The band on the Victoria Pier stage gets most of the cold crowd's attention. The fiddler's wearing fingerless gloves; the singer's hood's hooked on her head. Half the audience is in the steamy beer tent. The rain sweeps down on the other half, and the northerly bells out the flagged rigging in tense, shivering arcs on 47 tall ships.

The audience stamp and sway and yell and whistle but half the collective consciousness is always going to be distracted, glancing all about to see who's joining the crowd, who's fraying away. The influx of new souls that have come with the boats have changed the dynamic, too, like a sudden plankton bloom. There's face-painters, bands, crews, food sellers, fairground rides, craft stalls; man on stilts, person with a puffin's head. There's a guy clinging to a hauled anchor, painting it black. There's the fisheries boat. A container ship passing up. The Bressay ferry trundling back and fore. Ropes slapping in the wind.

And folk. Colleagues and bosses from all the jobs you've ever done, and there are the dear friends and the ones you like but never seem to see and the surprising number of faces you don't know. Folk you know but don't recognise until the last minute because of the waterproofs cinched tight about their faces. Ones who've moved away but come back for Tall Ships. People who are good at names, and people who are good at faces. People who are good at both, or ones like me who are good at neither. Local celebrities. Neighbours and their families. The friends who give you a home.
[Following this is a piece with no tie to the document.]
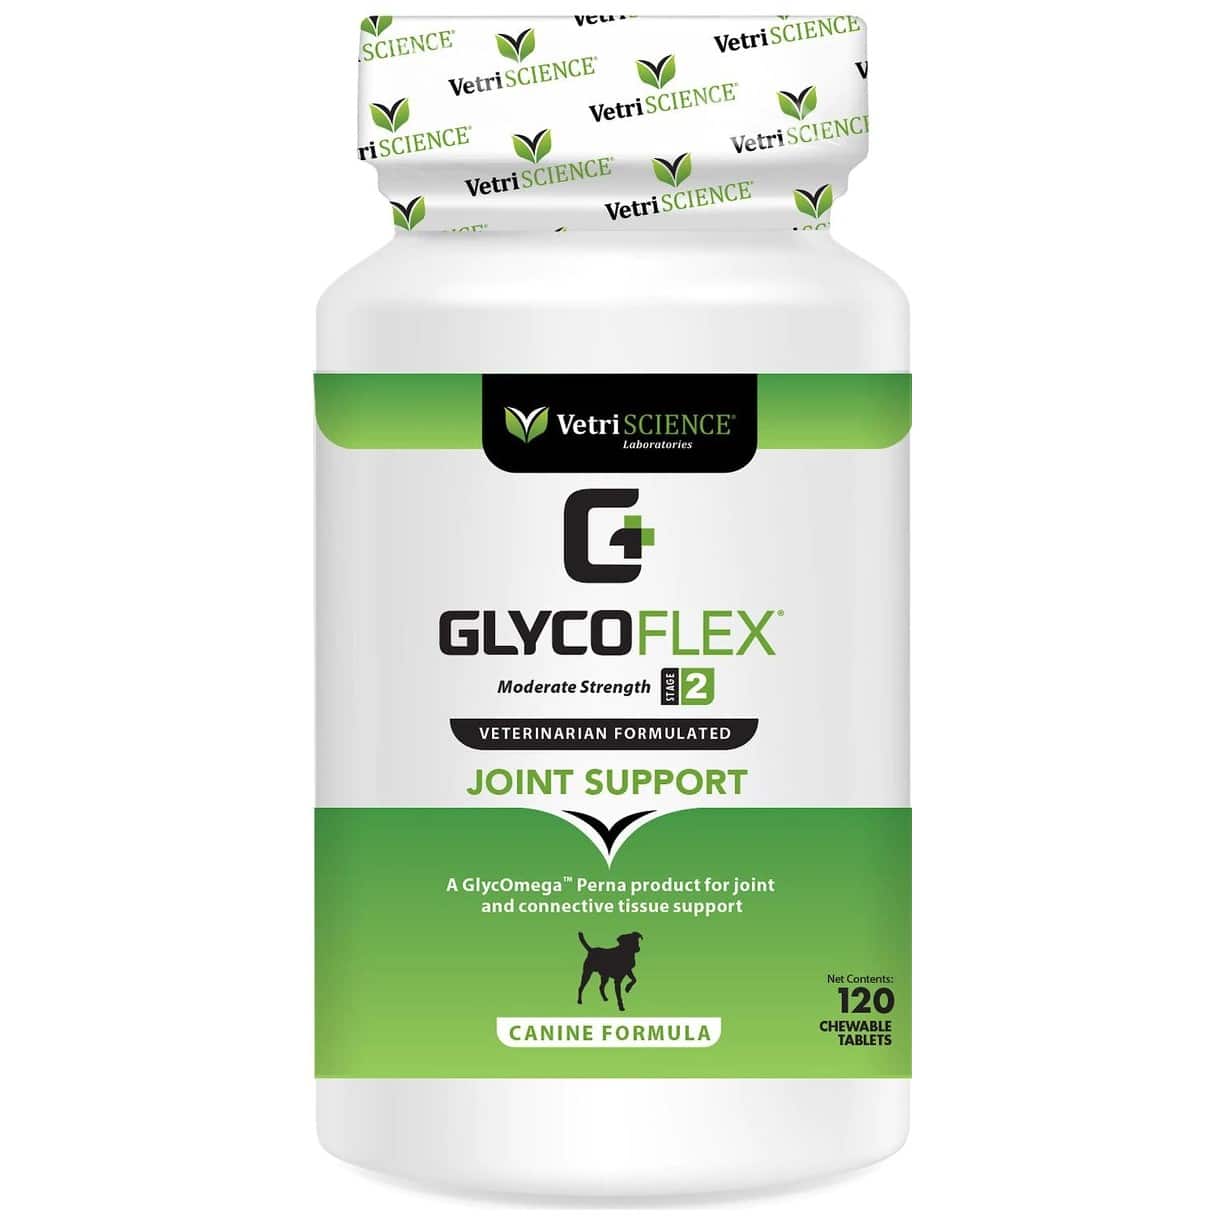 VetriScience GlycoFlex Stage 2 Chicken Flavored Chewable Tablets Joint Supplement for Dogs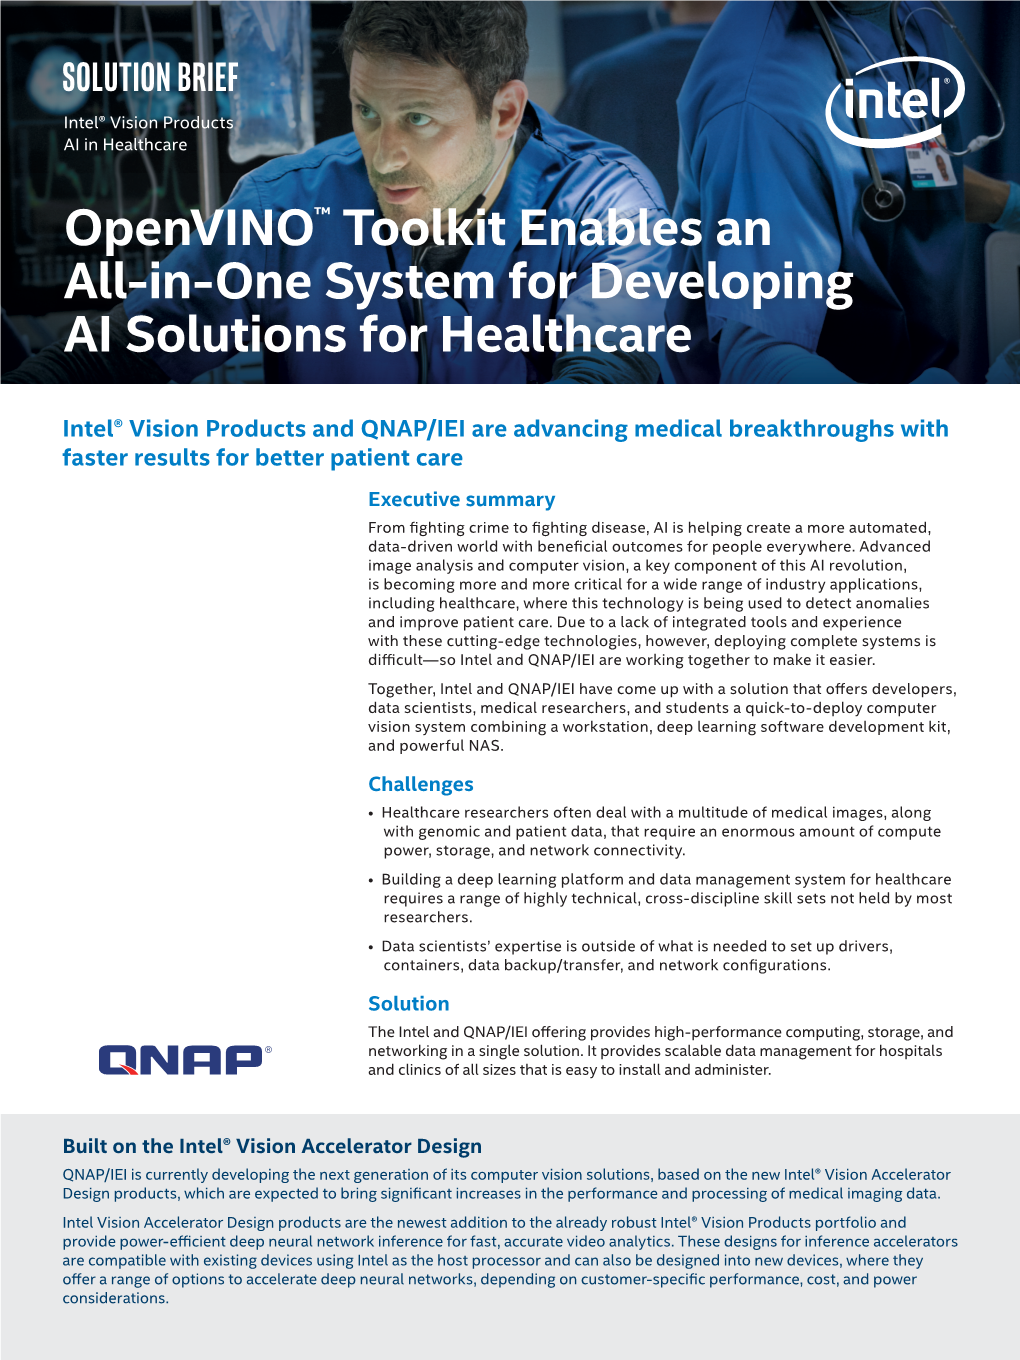 Openvino™ Toolkit Enables an All-In-One System for Developing AI Solutions for Healthcare

The friends who tell you what you want to hear and those who tell you what you don't want to hear, and the ones that listen, and the ones that don't, but make you laugh, and there are the ones whose communication is coded and clever, talking on one level and meaning on another, and the ones who are completely transparent in all their communication. There are the ex's and the new partners, and the ones terrified of running into them; and there are more whose losses are more present and more painful.

This hyper-sensitive consciousness, generously and necessarily aware of other lives, is always vulnerable. The Town Hall flag's at half mast, and everyone is thinking of Norway.